▶ [PROBLEM TO WORK ON]
Starting at the line that contains "曇りの撮影でも問題ない!?紅葉の松本城をHDRしてみた。", print each line exactly through the end of the listing. Skip any pictures and add nothing.

▶ [RAW DATA]

╔══

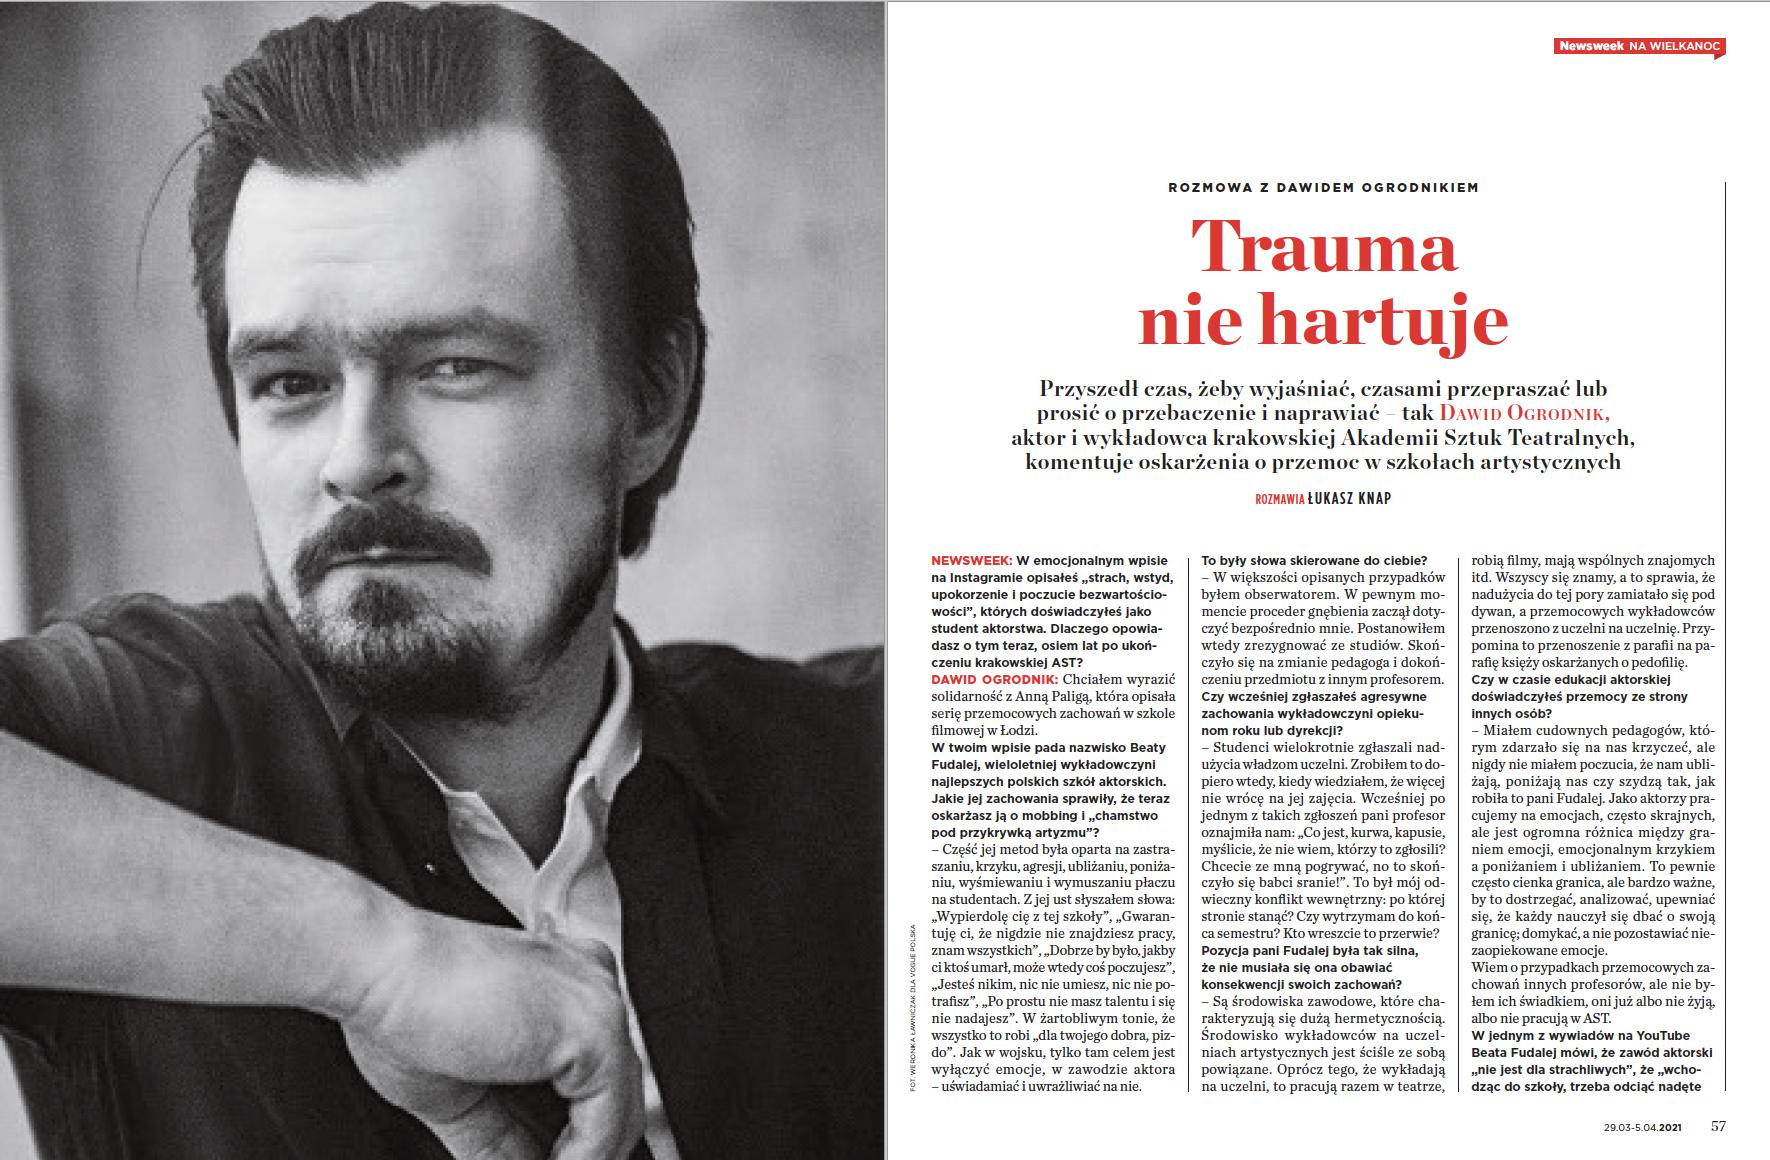 """""""Trauma nie hartuje"""". Rozmowa z Dawidem Ogrodnikiem w """"Newsweeku"""""""
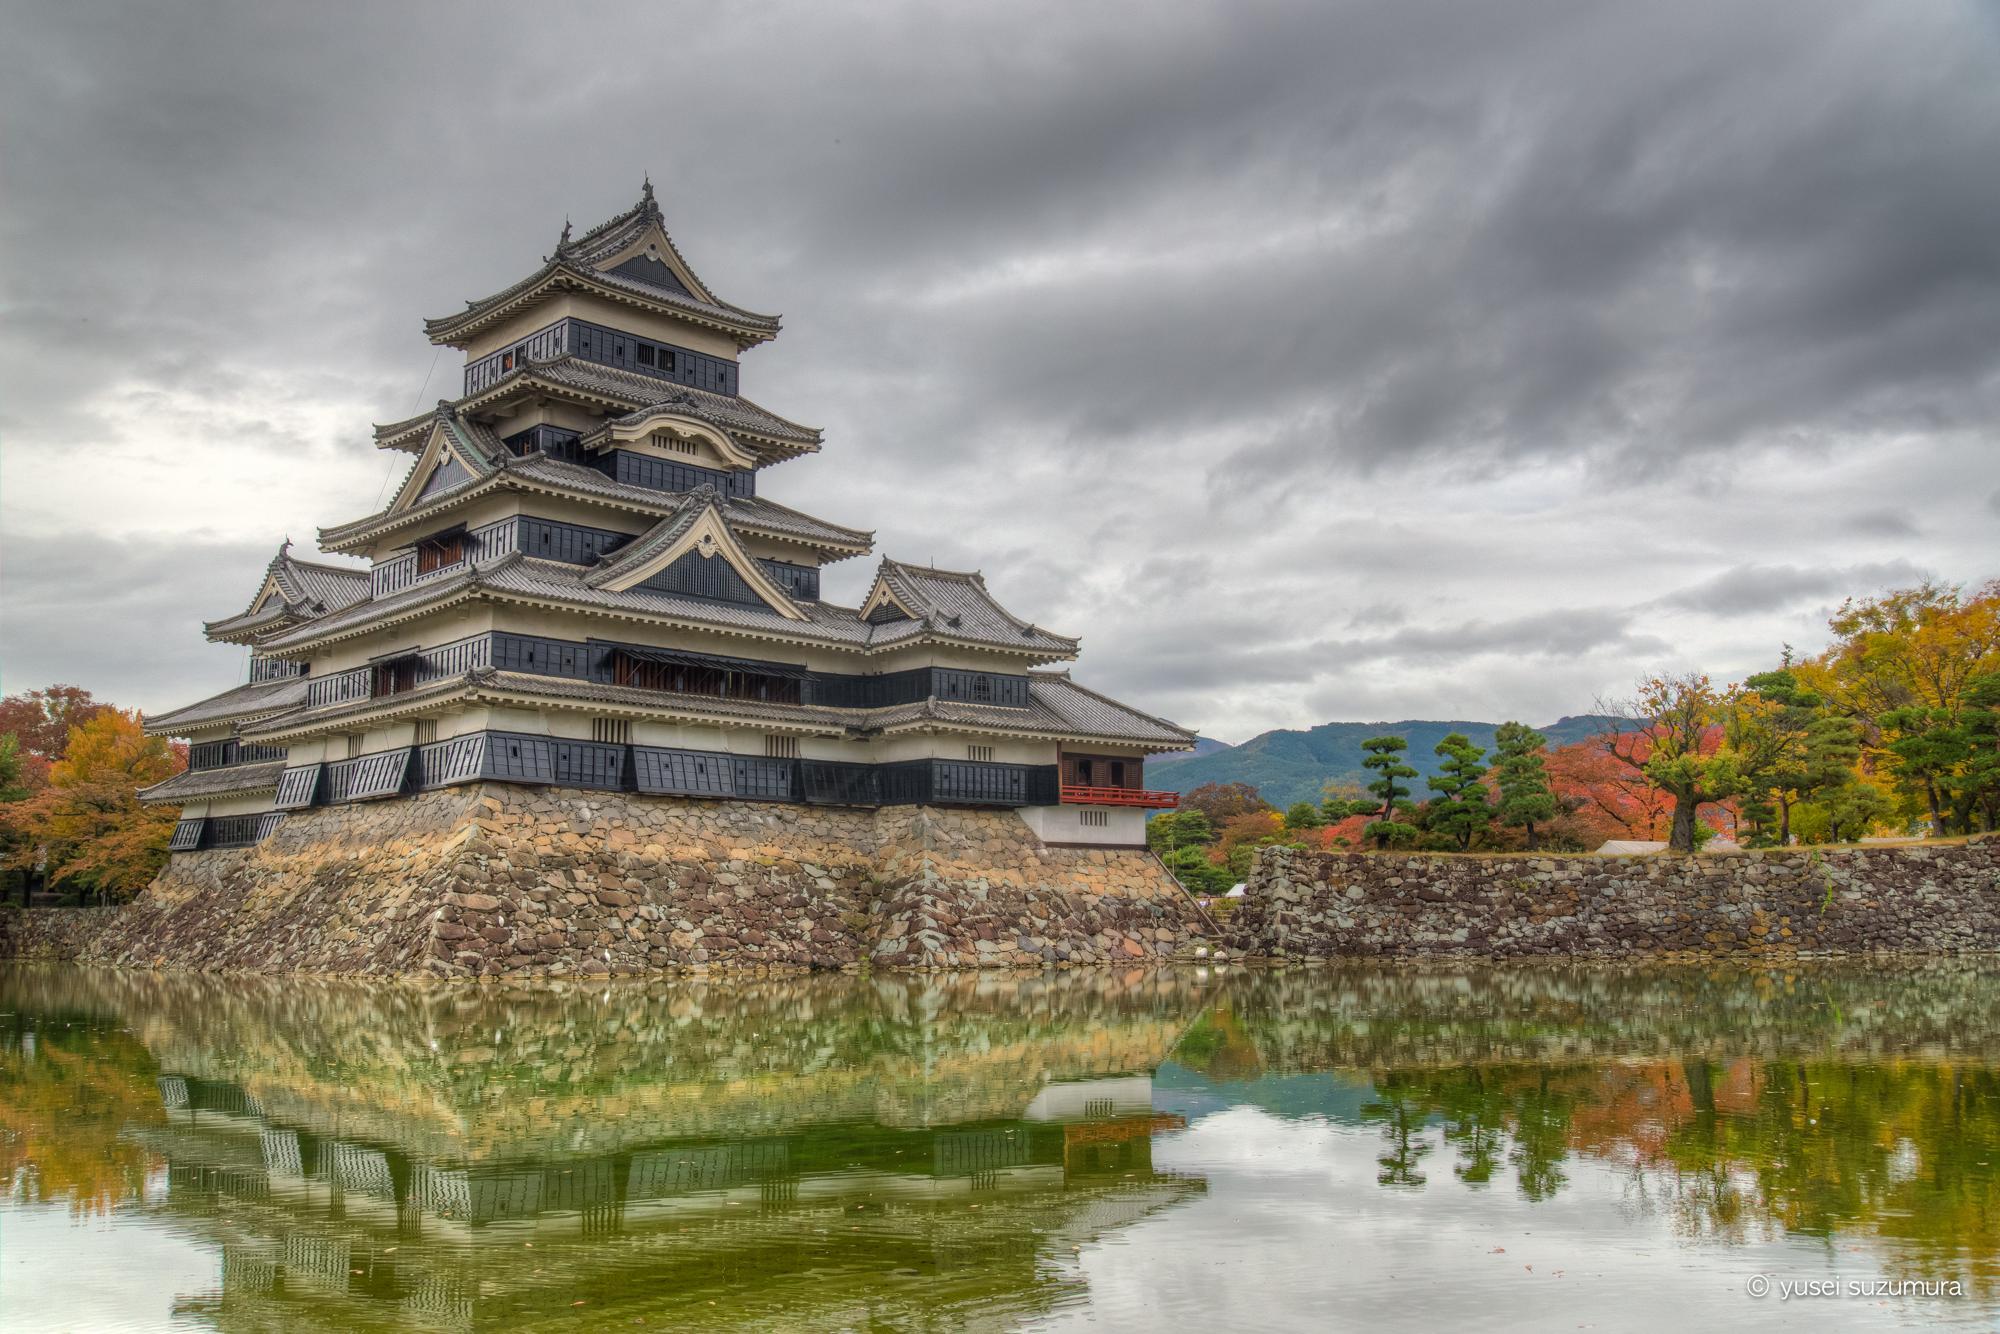 曇りの撮影でも問題ない!?紅葉の松本城をHDRしてみた。
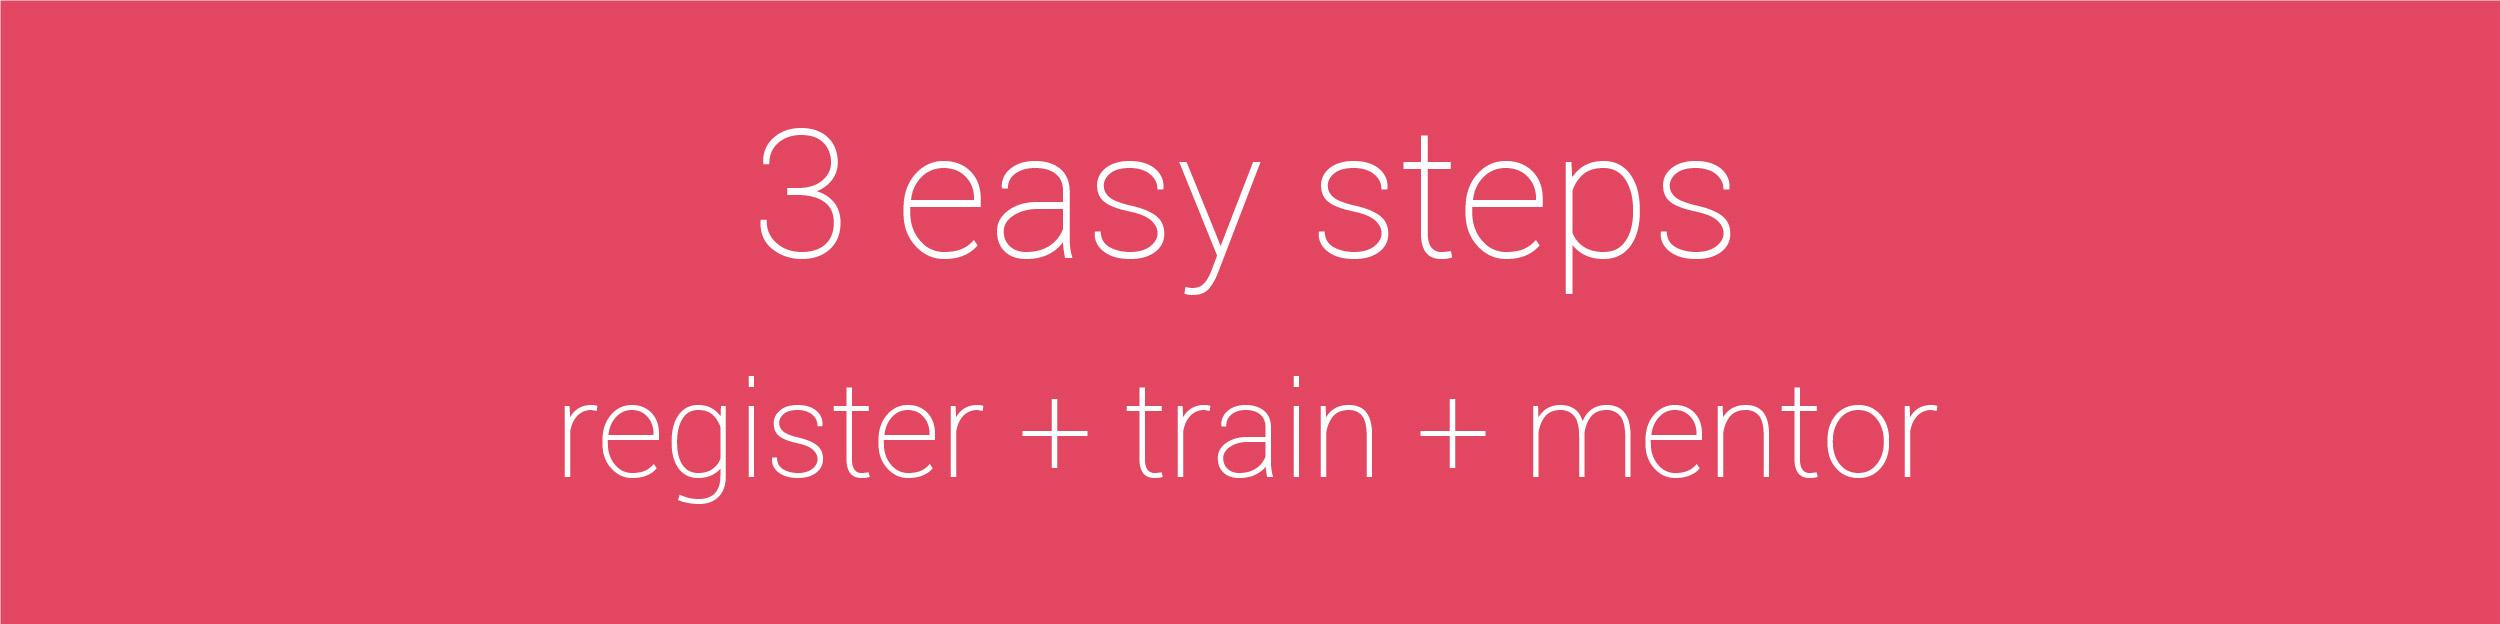 3-easy-steps-05
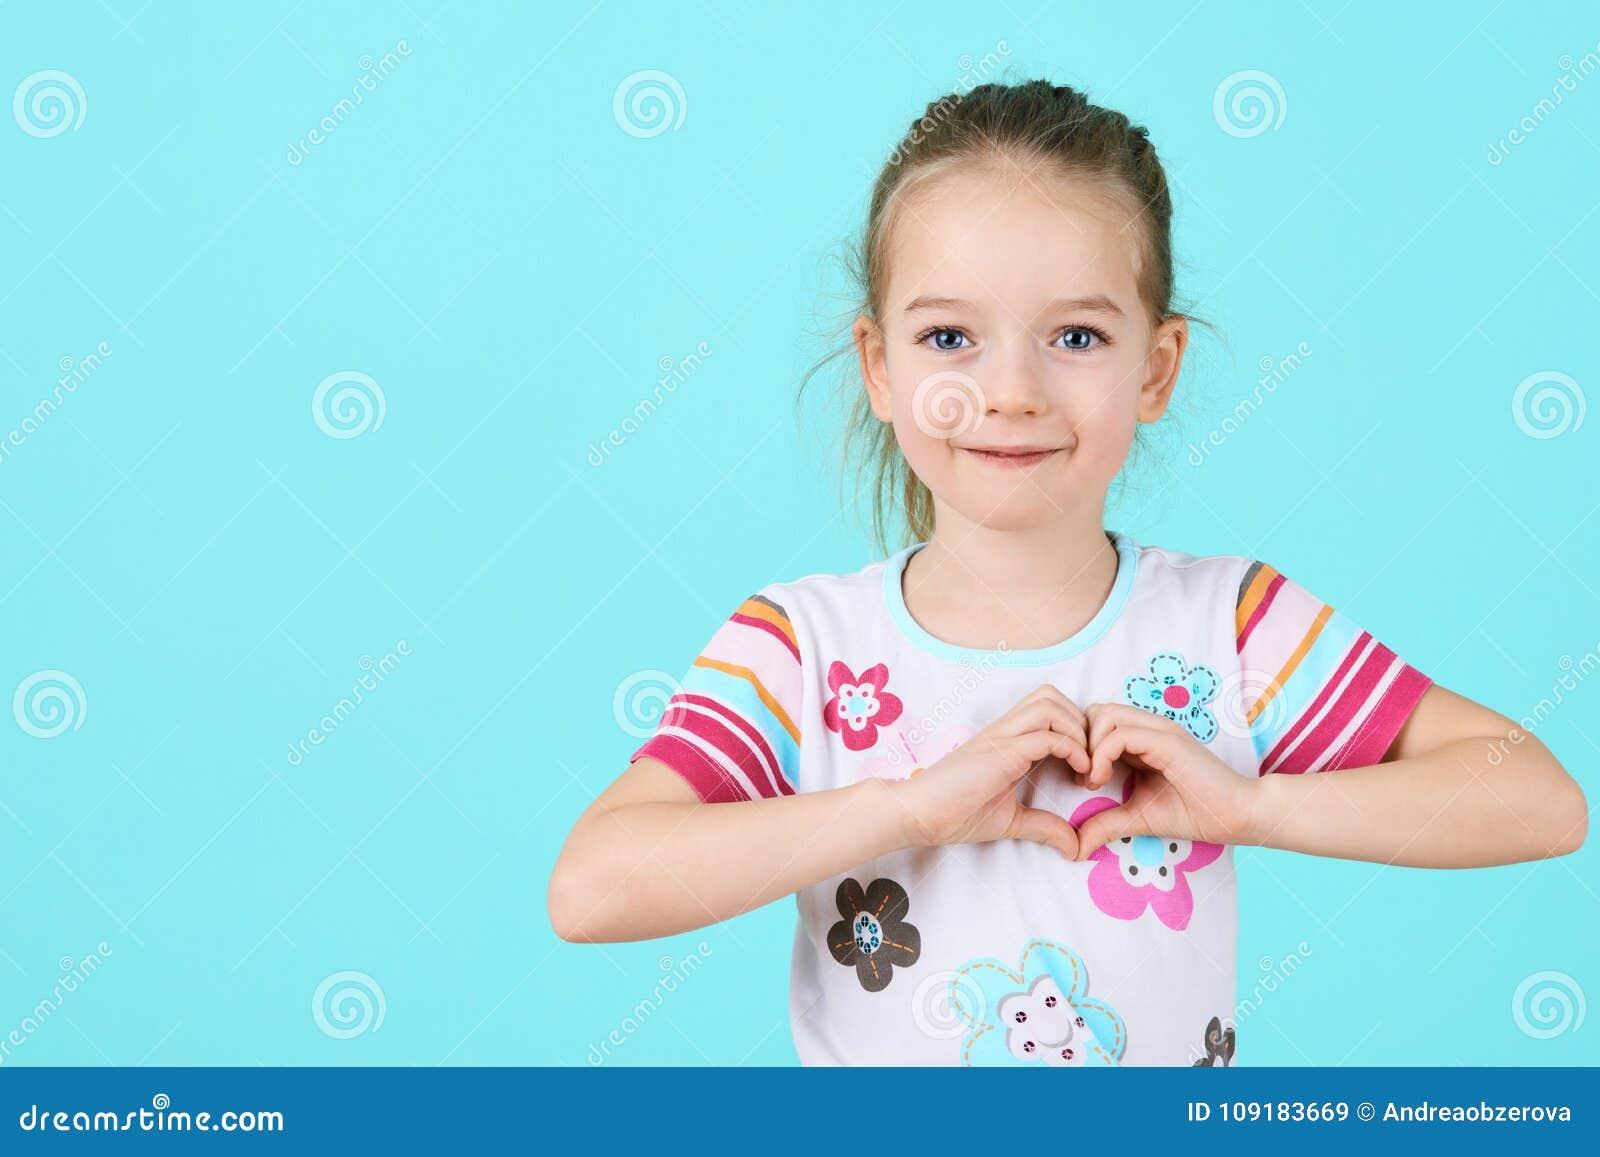 Kinderen, Liefdadigheid, Gezondheidszorg, Goedkeuringsconcept Glimlachend meisje die hart-vorm gebaar maken

╚══

▶ [TASK SOLUTION]
 曇りの撮影でも問題ない!?紅葉の松本城をHDRしてみた。
 3-easy-steps-05
 Kinderen, Liefdadigheid, Gezondheidszorg, Goedkeuringsconcept Glimlachend meisje die hart-vorm gebaar maken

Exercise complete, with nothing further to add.